Pode invadir ou chegar com delicadeza, mas não tão devagar que me faça dormir. Não grite comigo, tenho o péssimo hábito de revidar. Acordo pela manhã com ótimo humor mas ... permita que eu escove os dentes primeiro. Toque muito em mim, principalmente nos cabelos e minta sobre minha nocauteante beleza. Tenho vida própria, me faça sentir saudades, conte algumas coisas que me façam rir, mas não conte piadas e nem seja preconceituoso, não perca tempo, cultivando este tipo de herança de seus pais. Viaje antes de me conhecer, sofra antes de mim para reconhecer-me um porto, um albergue da juventude. Eu saio em conta, você não gastará muito comigo. Acredite nas verdades que digo e também nas mentiras, elas serão raras e sempre por uma boa causa. Respeite meu choro, me deixe sozinha, só volte quando eu chamar e, não me obedeça sempre que eu também gosto de ser contrariada. ( Então fique comigo quando eu chorar, combinado?). Seja mais forte que eu e menos altruísta! Não se vista tão bem... gosto de camisa para fora da calça, gosto de braços, gosto de pernas e muito de pescoço. Reverenciarei tudo em você que estiver a meu gosto: boca, cabelos, os pelos do peito e um joelho esfolado, você tem que se esfolar as vezes, mesmo na sua idade. Leia, escolha seus próprios livros, releia-os. Odeie a vida doméstica e os agitos noturnos. Seja um pouco caseiro e um pouco da vida, não de boate que isto é coisa de gente triste. Não seja escravo da televisão, nem xiita contra. Nem escravo meu, nem filho meu, nem meu pai. Escolha um papel para você que ainda não tenha sido preenchido e o invente muitas vezes.

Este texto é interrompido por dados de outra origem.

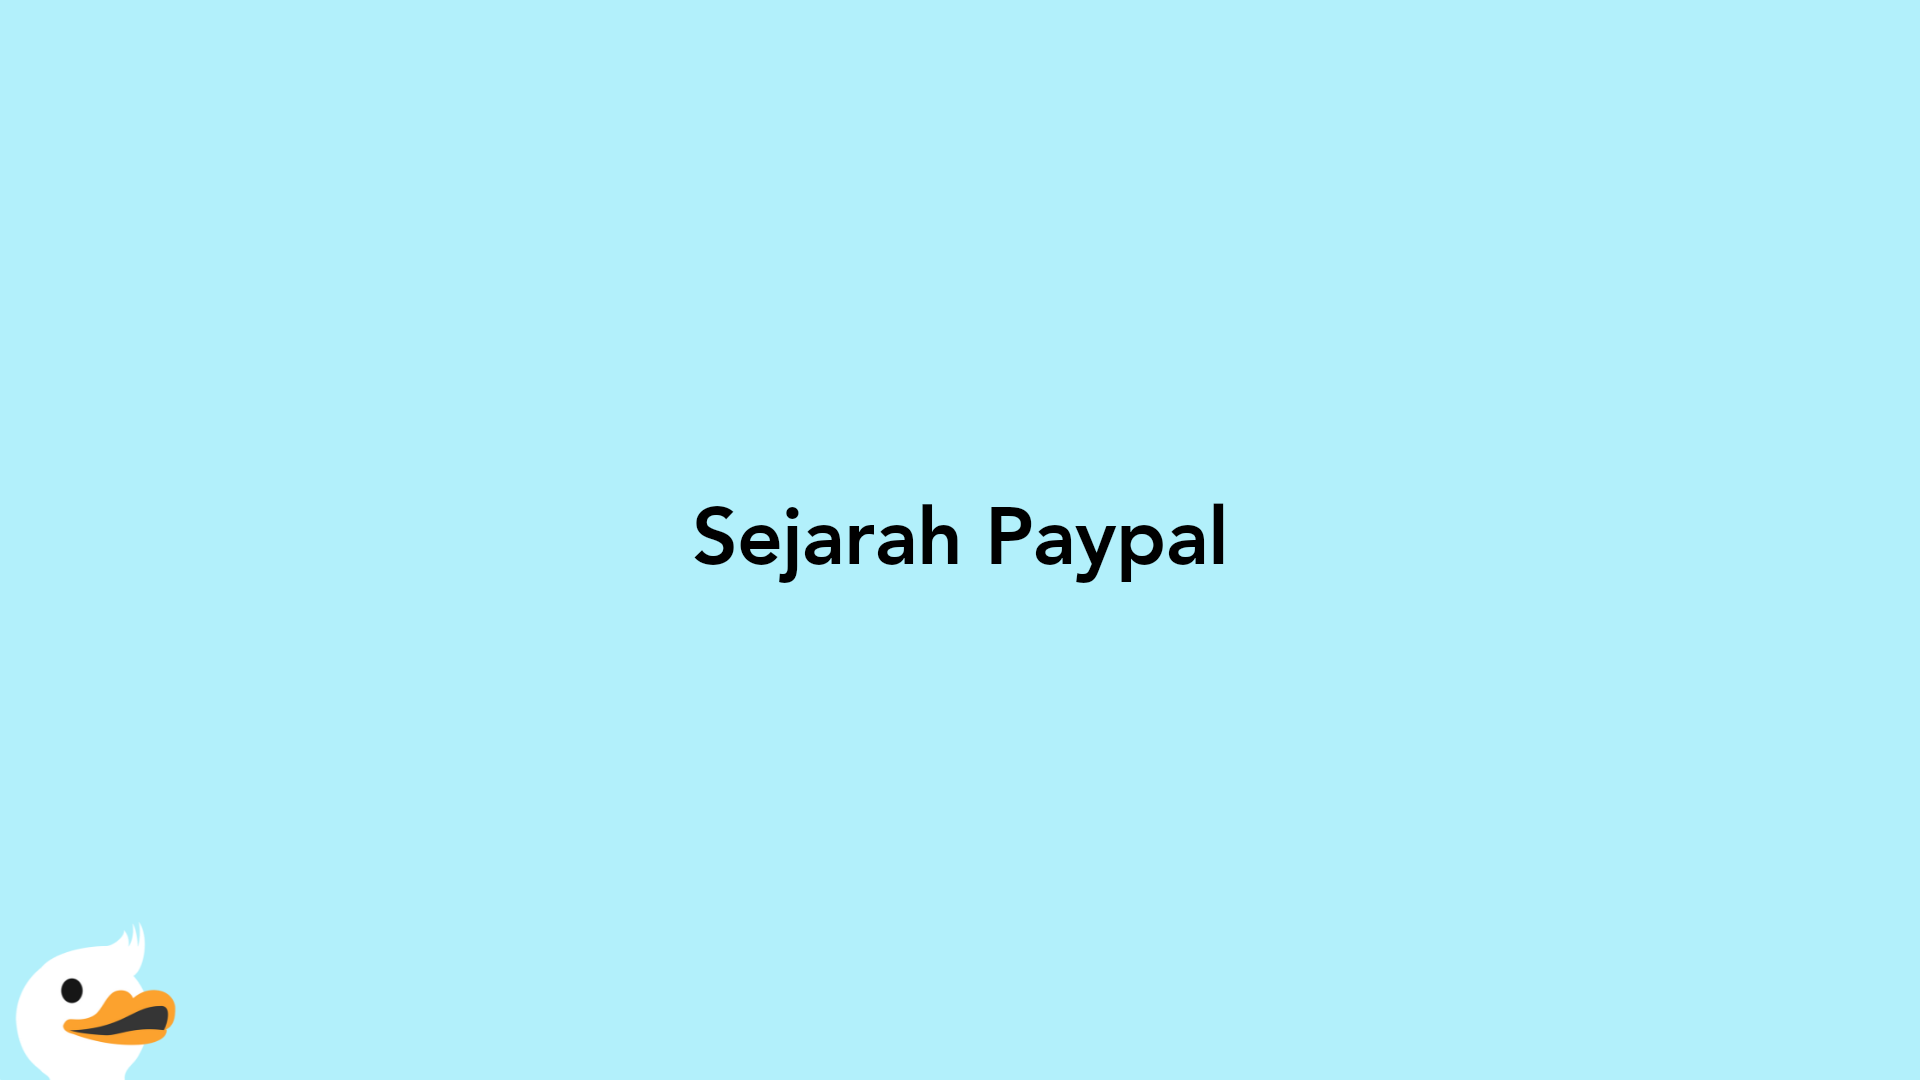 Sejarah Paypal

Me enlouqueça uma vez por mês mas, me faça uma louca boa, uma louca que ache graça em tudo que rime com louca: loba, boba, rouca, boca ... Goste de música e de sexo. goste de um esporte não muito banal. Não invente de querer muitos filhos, me carregar pra a missa, apresentar sua familia... isso a gente vê depois ... se calhar ... Deixa eu dirigir o seu carro, que você adora. Quero ver você nervoso, inquieto, olhe para outras mulheres, tenha amigos e digam muitas bobagens juntos. Não me conte seus segredos ... me faça massagem nas costas. Não fume, beba, chore, eleja algumas contravenções. Me rapte! Se nada disso funcionar ... experimente me amar!

Martha Medeiros

sábado, 28 de julho de 2012

É preciso parar

"Estou com saudade de mim. Andou pouco recolhida, atendendo demais ao telefone,escrevo depressa, vivo depressa.Onde está eu? Preciso fazer um retiro espiritual e econtrar-me enfim - enfim, mas que medo - de mim mesma"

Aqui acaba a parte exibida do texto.